Raw data —
╭──
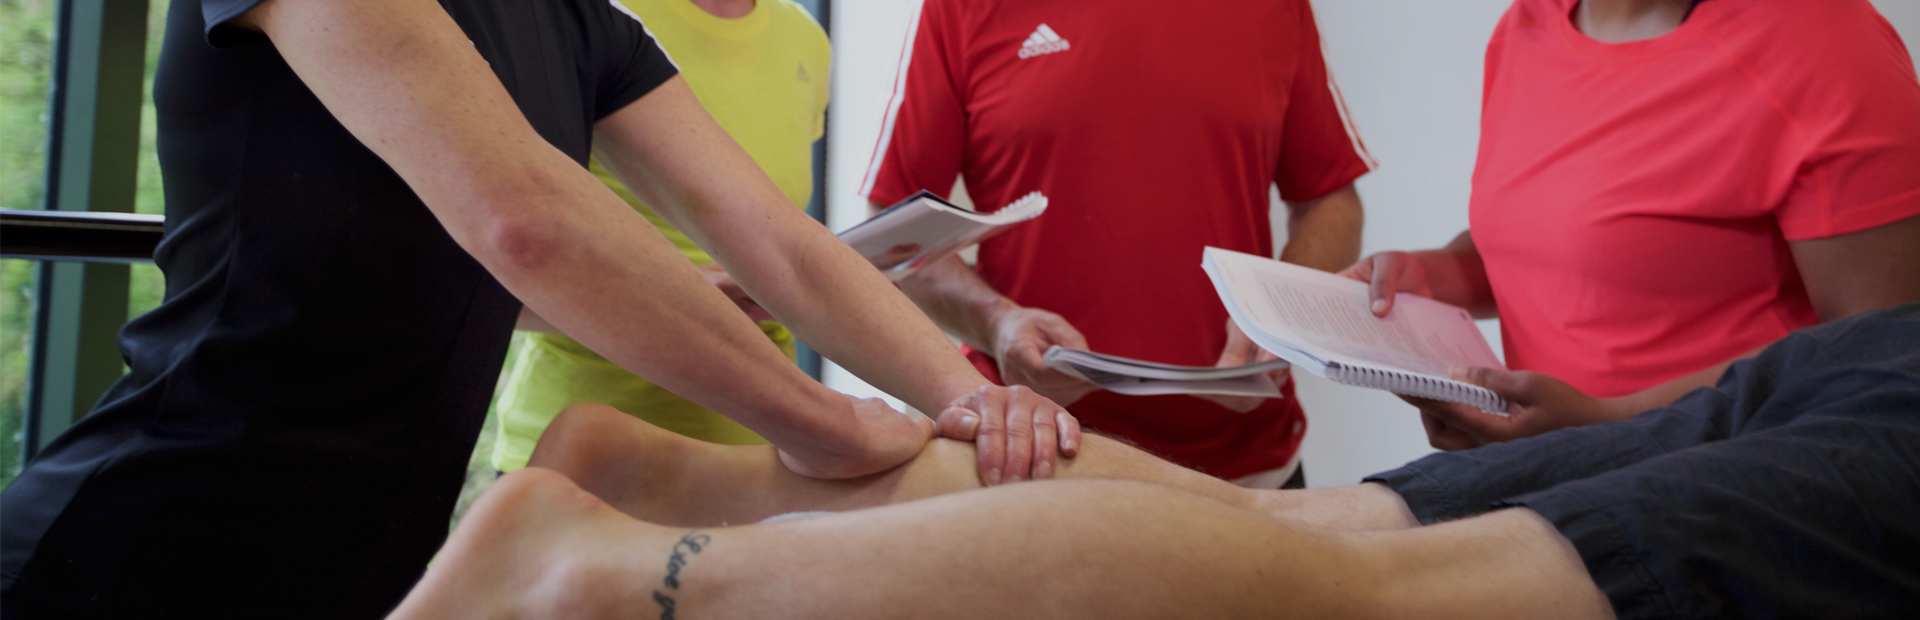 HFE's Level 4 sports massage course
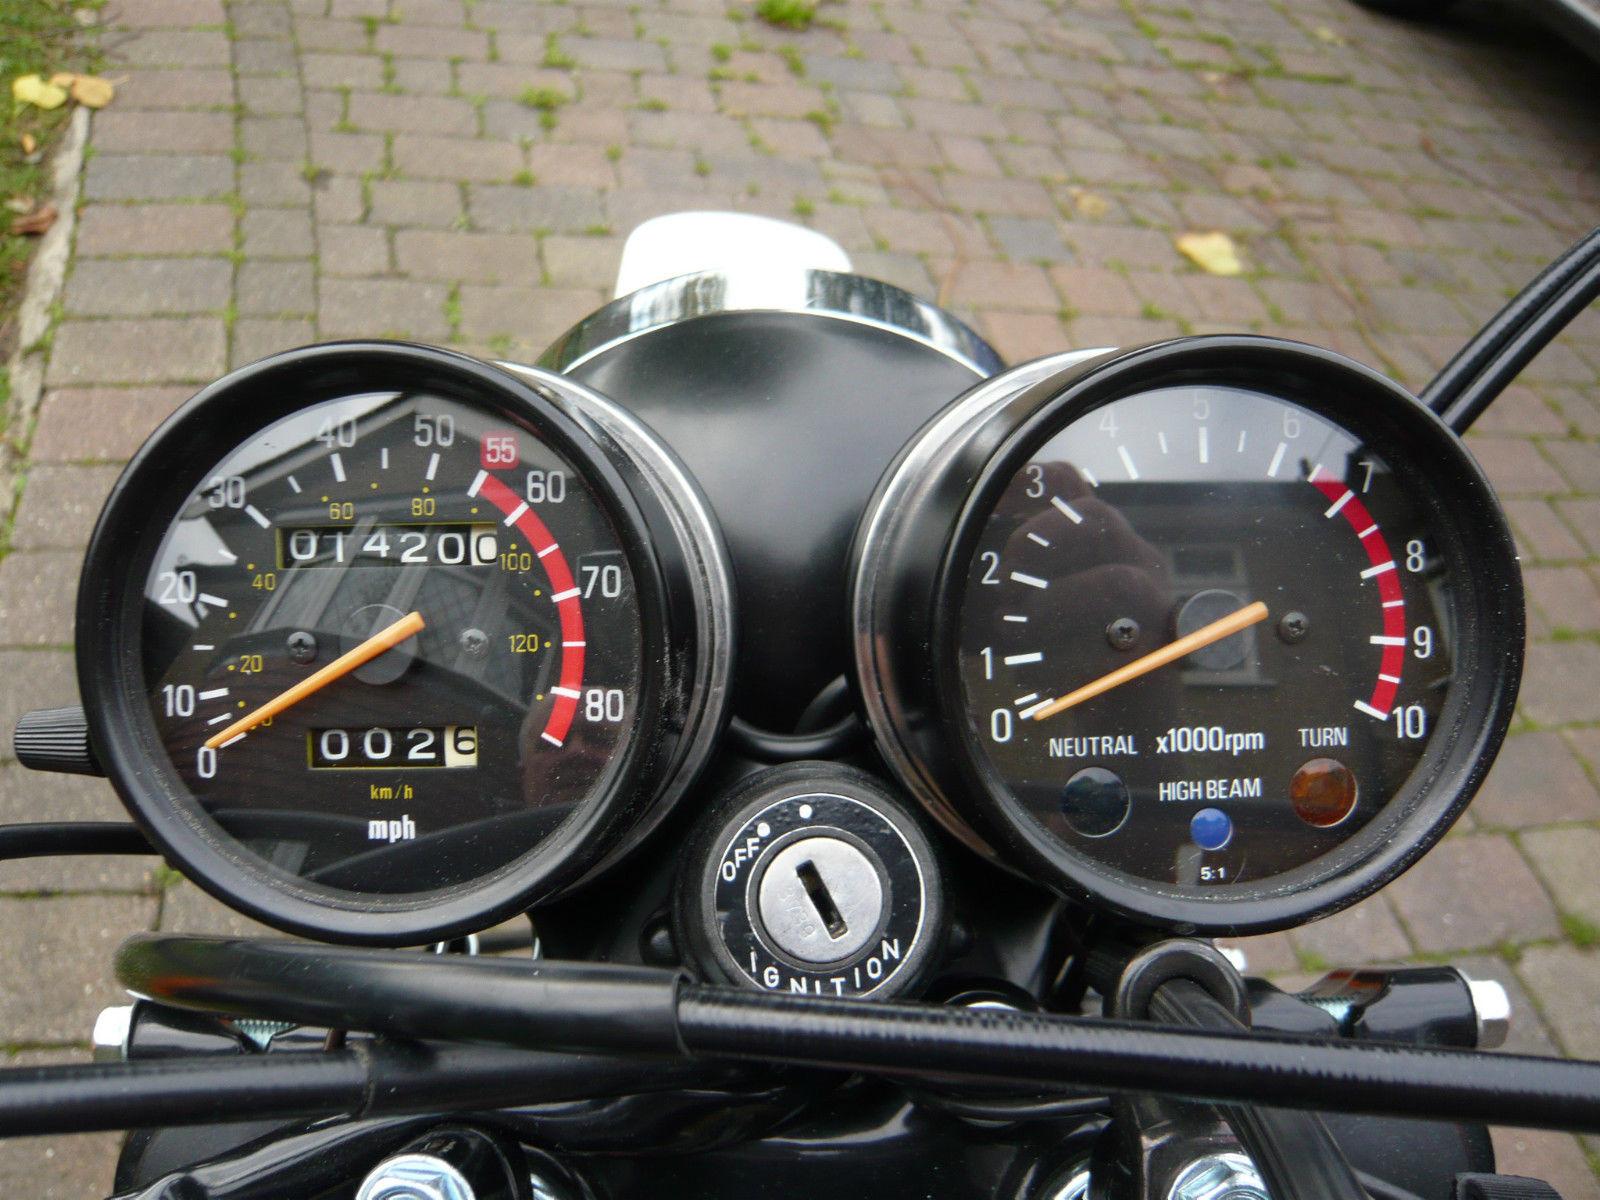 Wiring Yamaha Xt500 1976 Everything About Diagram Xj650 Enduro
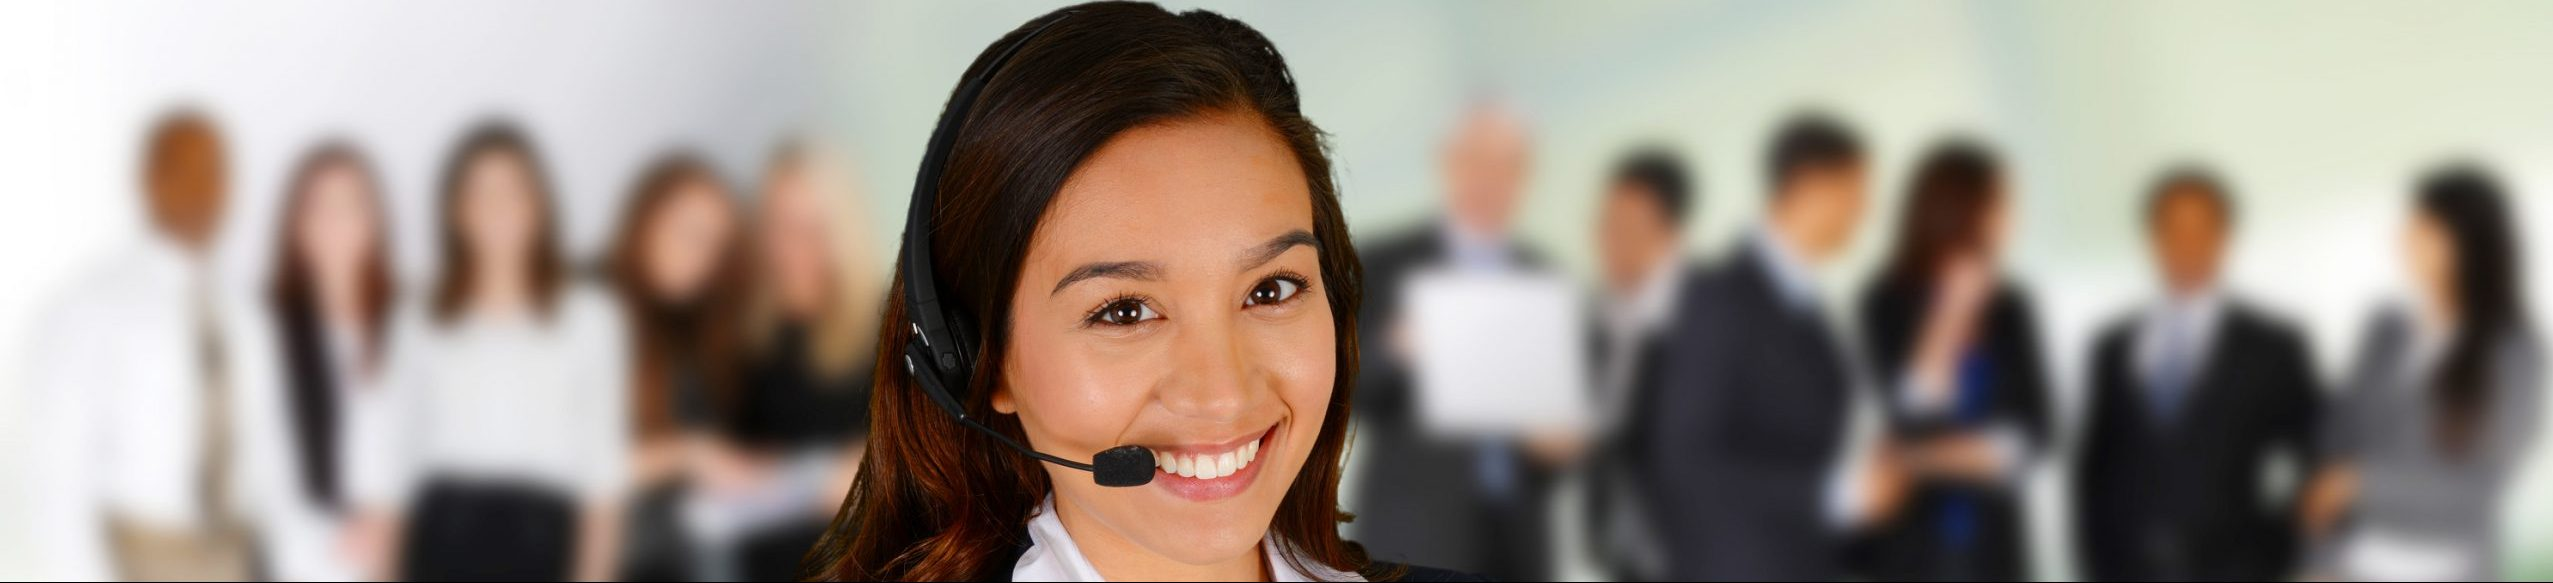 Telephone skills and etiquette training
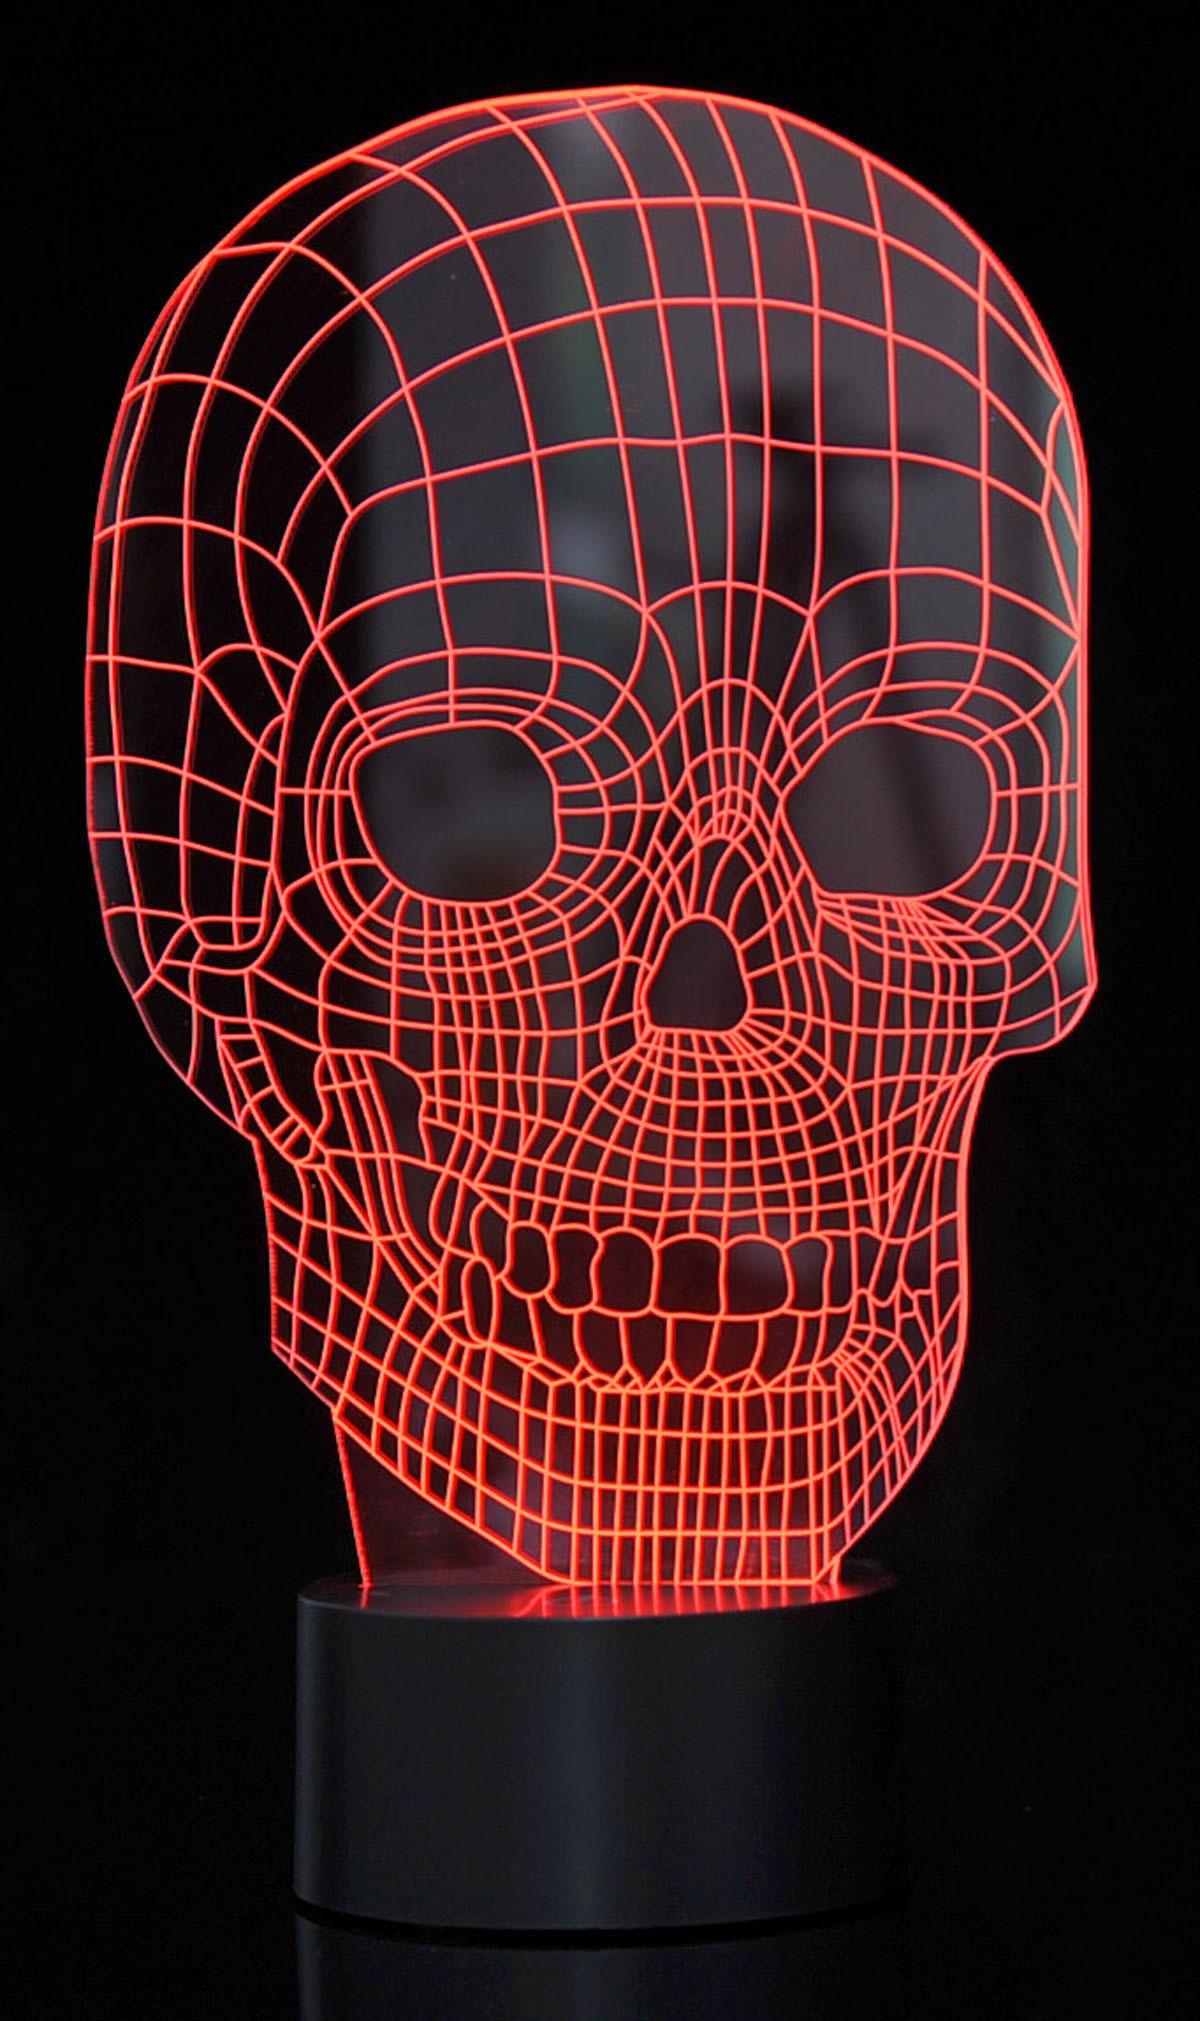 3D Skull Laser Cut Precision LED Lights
╰──
Task instructions — Repeat each line above exactly. The pictures stay out.

Written answer —
 HFE's Level 4 sports massage course
 Wiring Yamaha Xt500 1976 Everything About Diagram Xj650 Enduro
 Telephone skills and etiquette training
 3D Skull Laser Cut Precision LED Lights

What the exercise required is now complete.